Reddyanus besucheti is a species of scorpion in the family Buthidae endemic to Sri Lanka.

Description
Total length is 30 to 45 mm. Male has slightly longer metasomal segments and telson than female. Pedipalp segments have same length in both sexes, but the pedipalp chela is wider in male. Pedipalps and legs have brown maculation, which is identical on femur and patella as well. The first metasomal segment has 10 carinae, whereas second through fourth segments have eight carinae. The fifth segment consists with five carinae in female but it reduced to three to five in
male. Subaculear tooth is wide and rounded. There are 12 to 18 pectinal teeth in both sexes. Sexual dimorphism is visible after the last molt.

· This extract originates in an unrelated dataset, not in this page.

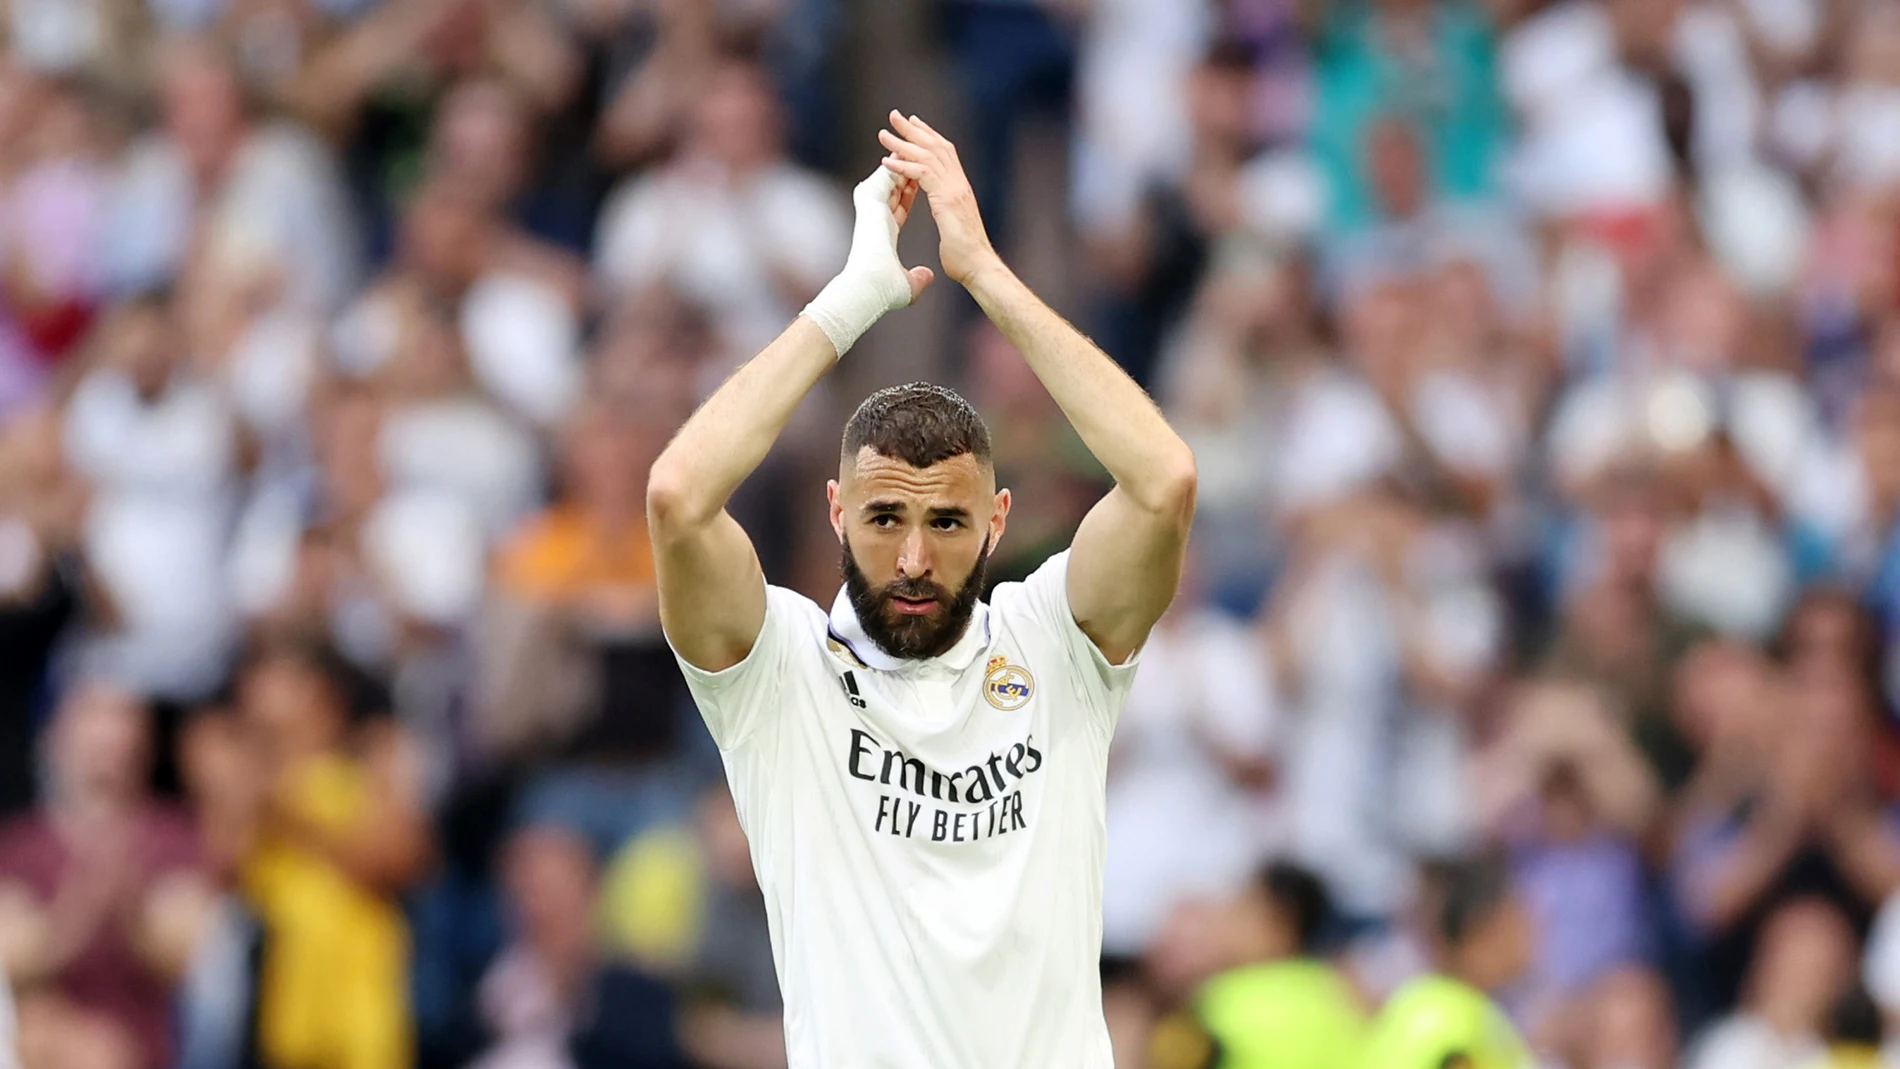 El último aplauso del Bernabéu a Karim Benzema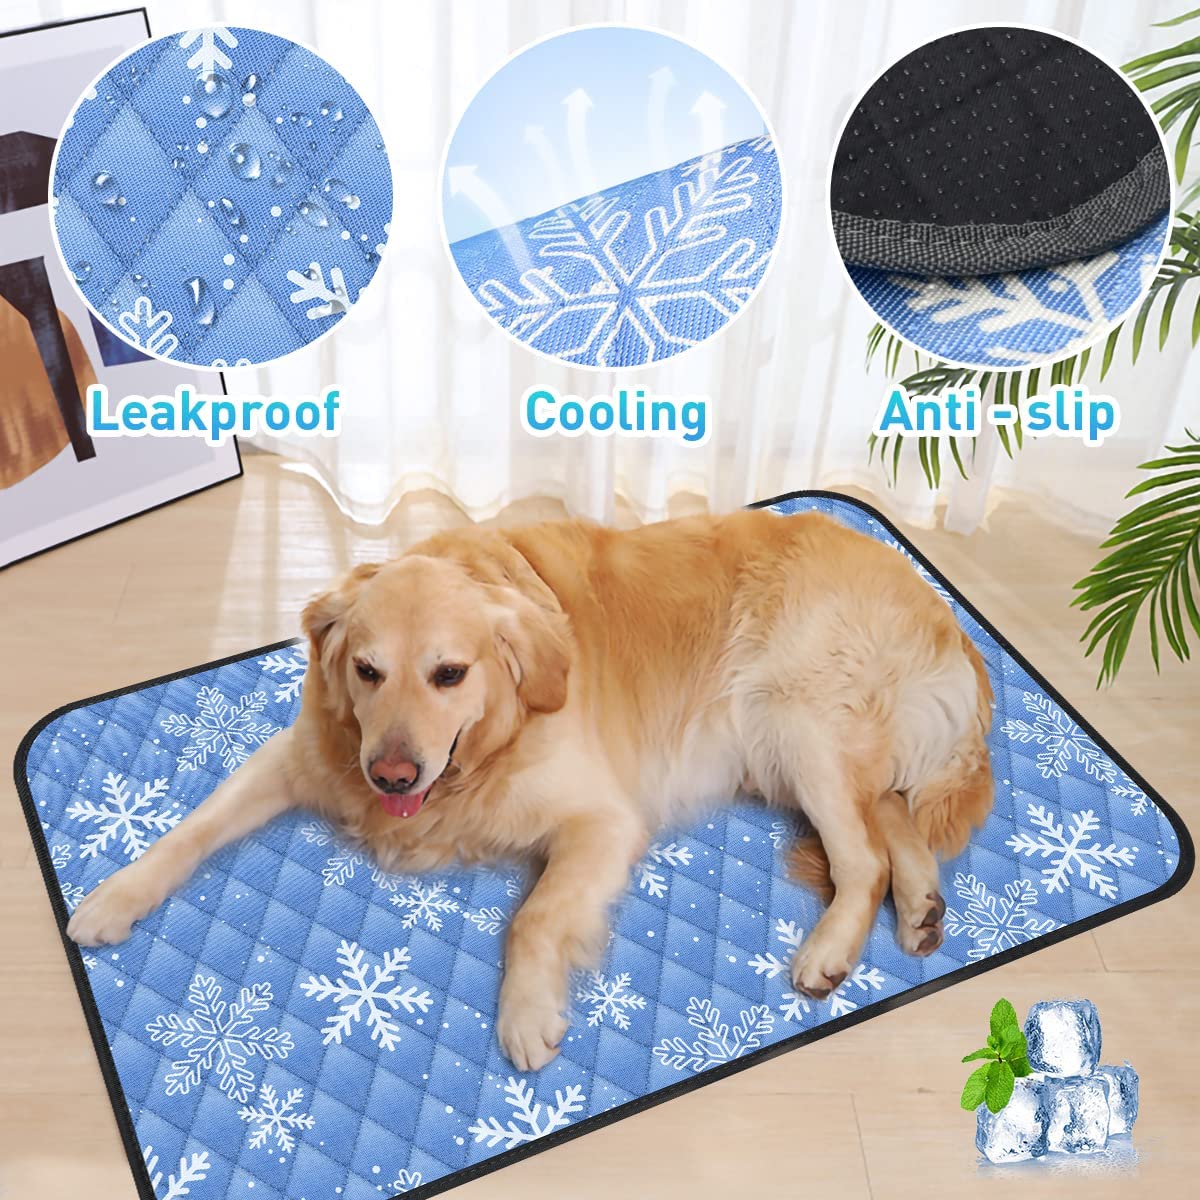 Cooling Pet Mat For summer - Moebypet

Identification of immature males and females is difficult, but can be separated by observing pectines. Pectines are longer and larger in males than in females. Also, male pectines have more teeth than female pectines.

After a single insemination, adult female can gives birth to from three to five broods in captivity. Average littler size for a brood ranges from 10 to 17 juveniles. Young scorpions remain with their mother until their first molt. After the first moult, they start to disperse. The first molt took place about 6 days after the birth. Subsequent molts usually take place at different ages, on average 59, 112, 168 and 235 days. The duration of postembryonic development ranges from 6.6 to 10.5 months. Adult lifespan is about 24 to 35 months.